- WORK ORDER
Using the records below, copy exactly the part that opens with the line holding "Обои Water and Fire Heart 1600x900" and closes with the line holding "Biography of Ernst Eduard Kummer", minus the pictures.

- RECORD SET
*** Begin section ***
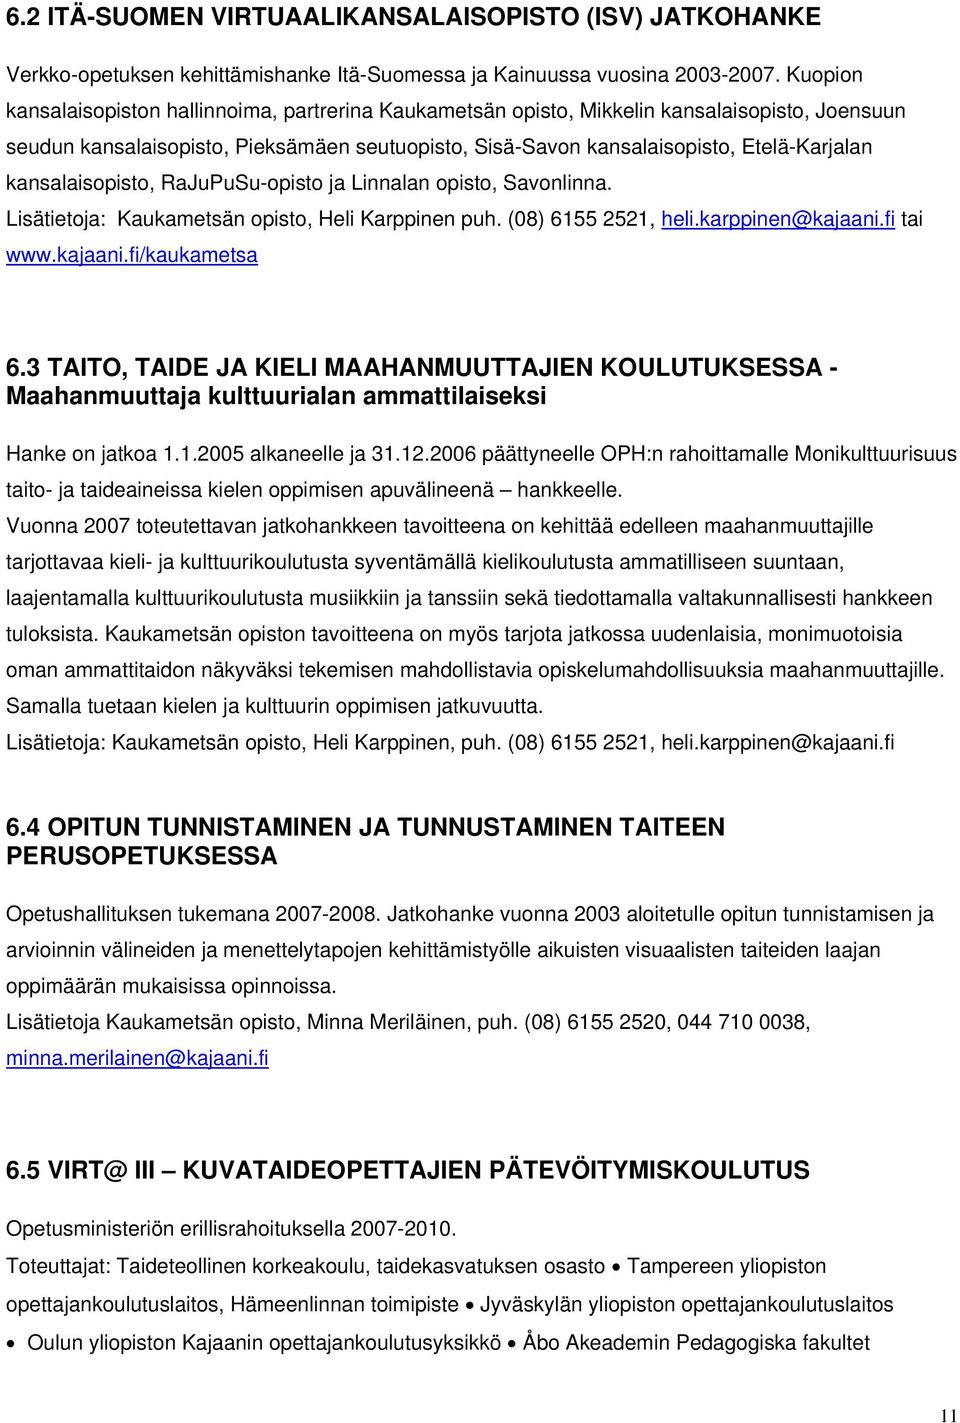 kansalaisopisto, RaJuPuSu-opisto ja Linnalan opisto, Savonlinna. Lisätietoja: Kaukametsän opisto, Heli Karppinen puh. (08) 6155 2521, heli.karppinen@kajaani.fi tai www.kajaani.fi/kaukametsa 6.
*** End section ***
*** Begin section ***
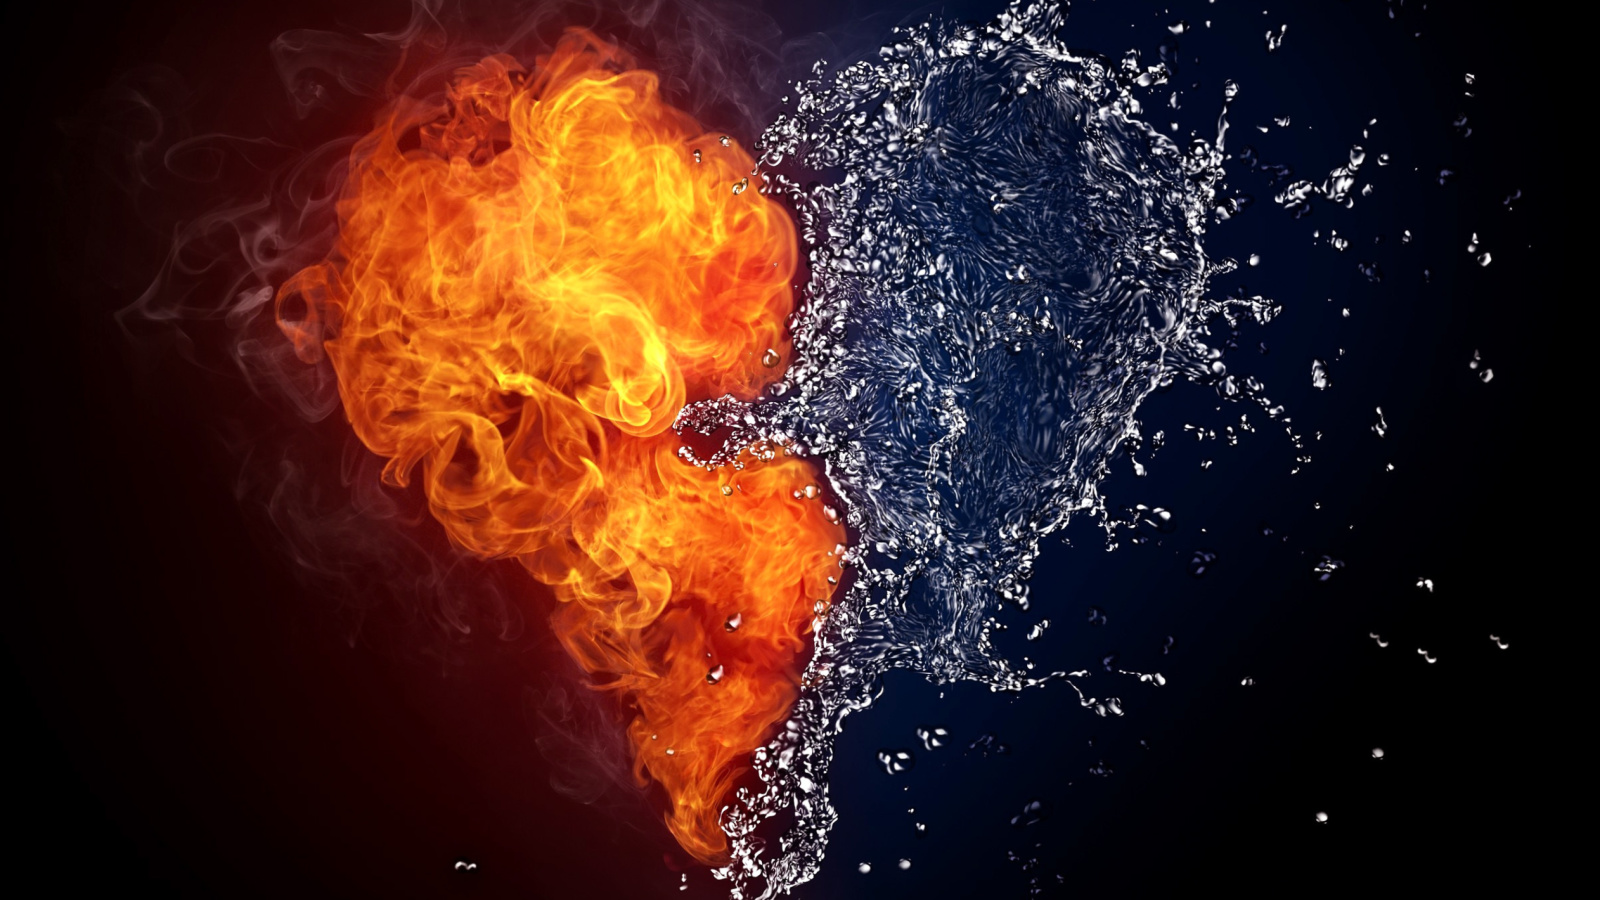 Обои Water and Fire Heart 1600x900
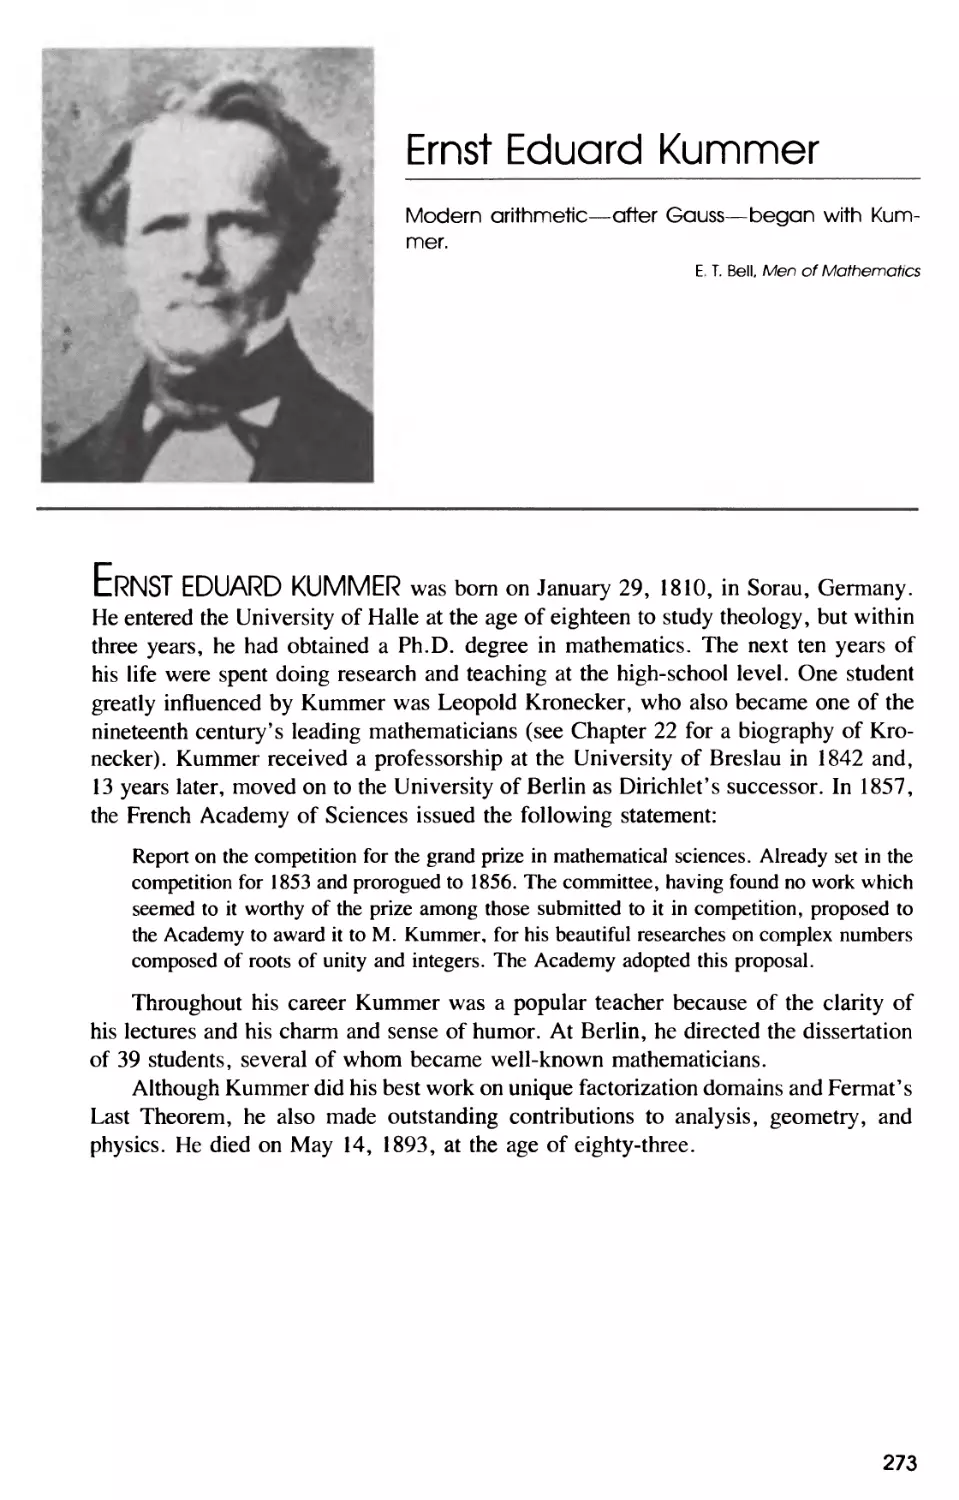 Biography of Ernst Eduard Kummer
*** End section ***
- EXERCISE SOLUTION
 Обои Water and Fire Heart 1600x900
 Biography of Ernst Eduard Kummer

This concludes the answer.